Зычно, тоненько прокричал бывший пирожник, ухватил бревно, помог. Обтёр ладони о чью-то рубаху.
— Побыл бы с земляками, да некогда...
Наведаться к пильщикам, на склады, на конюшни, пугануть интендантов — и на Заячий. Не однажды в день туда... И везде, мысленно, рядом царь. Данилыч ускоряет шаг, как только представится впереди спина Питера.
Крепость на Заячьем обретает вид боевой, вал по всему обводу растёт, заострились грозящие на все стороны бастионы. Их шесть: один назовут Петровским, другие получат имена лучших слуг государевых — Головкина, Трубецкого[36], Нарышкина и Зотова, неизменного в кумпании «князя-папы». Бастион, смотрящий на север. — Меншикова. И требует особого его попечения.
Забыть Заячий остров, забыть... Санкт-Петербург! Ламбер сожалеет: отчего не Сен-Пьер? Француз прискачет, облазает бастионы, наругается всласть — и обратно в войска. Шереметеву он нужнее. Данилыч не спорит. Наставления генерал-инженера усвоены: между сваями насыпать гальку, чтобы не гнили от воды, забивать не густо, а то одна другую выдавит. Концы свай оковать железом — быстрее войдут, Вобан советует... Так у него, поди, мастеров довольно и время не торопит.
Дубасят копры, сотрясают землю под ногами. Прибаутки губернатора редко вызывают смех. Лица от усталости серы, — длинен летний день, прибавилось и работы, жаль ведь терять светлое время. Истомились и начальствующие.

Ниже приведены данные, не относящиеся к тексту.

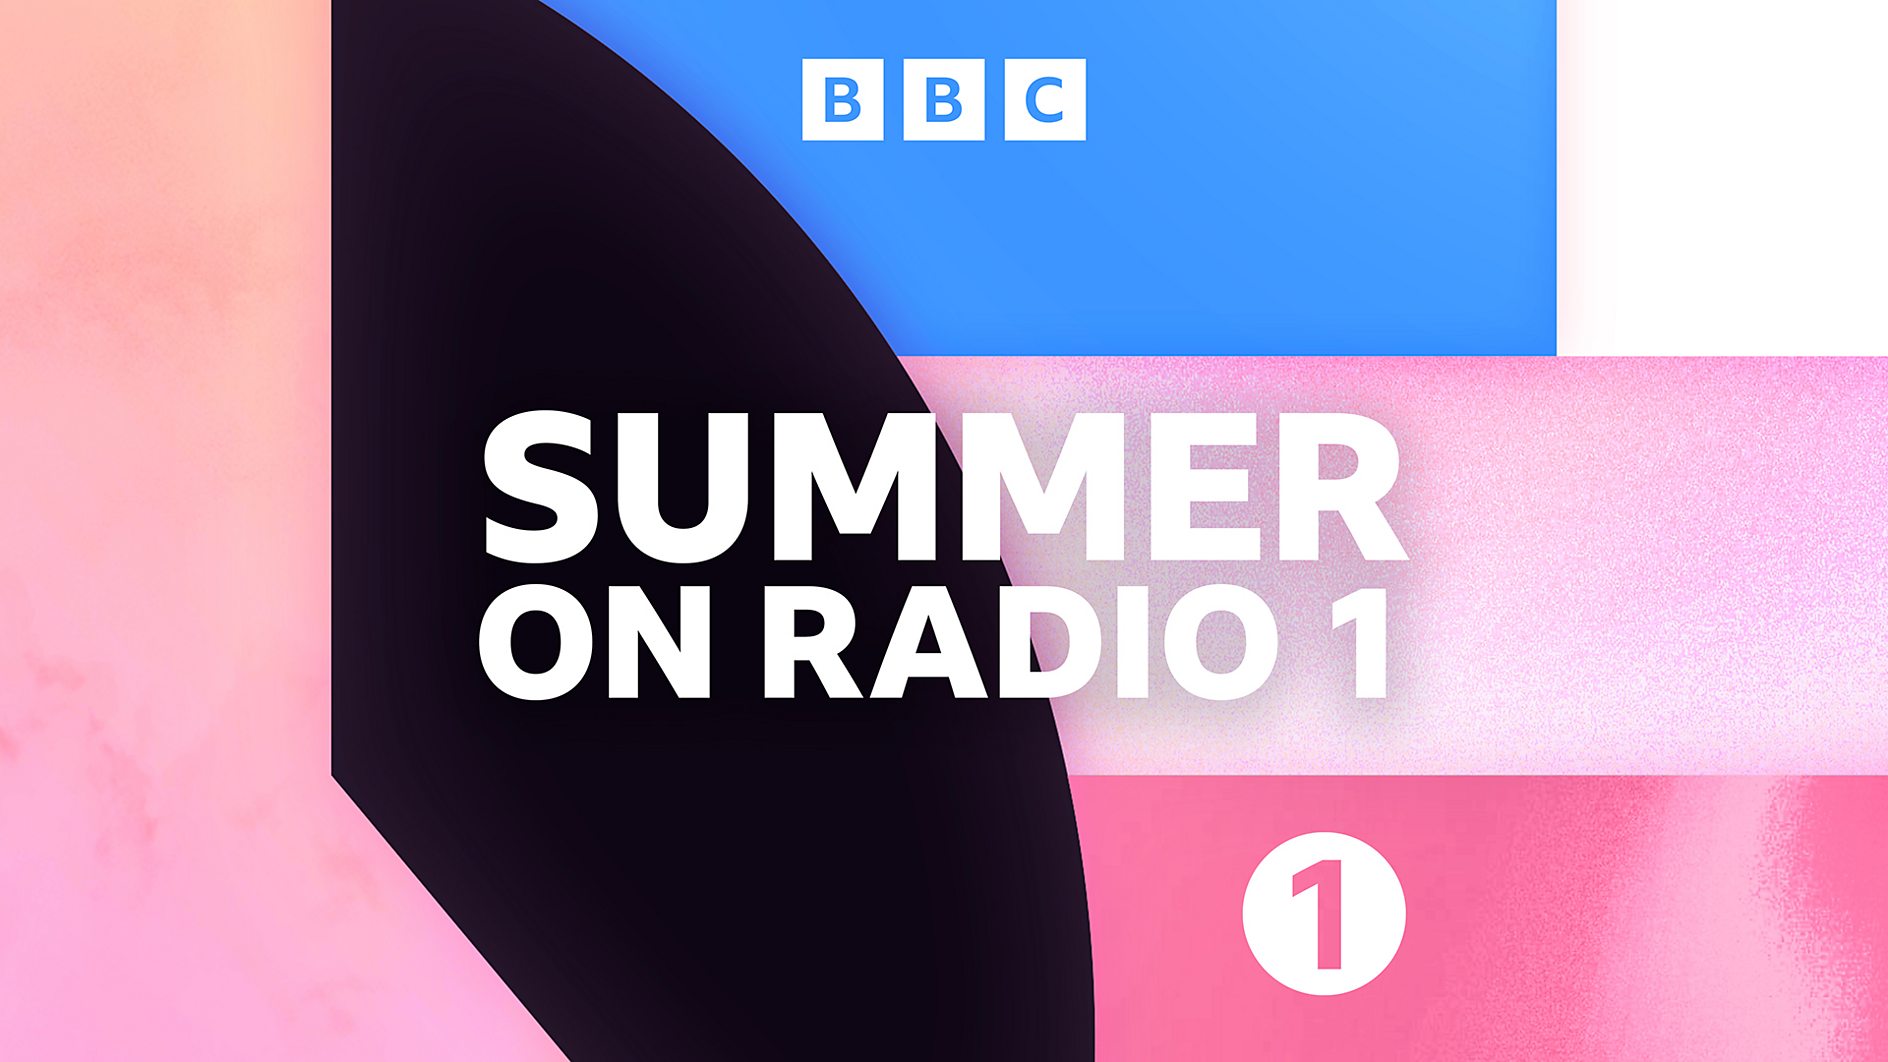 BBC Radio 1 unveils new summer schedule

«Только то бедно, что солнце здесь высоко ходит», — вырвалось невзначай в письме к царю. Ночи прозрачные, а сдаётся — таят недоброе. Ночь — будто око всевидящее. Ты, губернатор, перед ним гол как сокол, и владения твои обнажает он беспощадно.
Твой Санкт-Петербург...
Деревня или город — не разберёшь. Выйдешь из проёма крепости, где быть воротам, — ступишь в грязь, не успевшую отвердеть из-за ненастной погоды. В мокрую пору кажется — захлебнулся в болоте Санкт-Петербург. Л коли вёдро — он будто ветошь, раскиданная для просушки. Ни посадов справных, ни улиц, тропы да дороги, промятые лаптями, продавленные колёсами, присыпанные стружкой, а на обочинах то ли груда лесного лома, корья, лапника, то ли жилище. Бродят, выискивая траву, коровы и козы, скотинка офицера либо норовистого мужика. Глядь, приспособили поломанный ряж, накрыли чем попало — вот и изба. Что осталось от шведских домов в Ниеншанце, перетащили сюда — сгодились и обугленные доски, и скобы, печная заслонка, подсвечник. Нет-нет да и потянет свежим хлебом. Уже и хозяйка в доме — венчанная алн из гулящих. И надо бы губернатору навести порядок, причесать сей разлохмаченный Санкт-Петербург, да какими силами? Все руки сейчас — для дела главного, для защиты.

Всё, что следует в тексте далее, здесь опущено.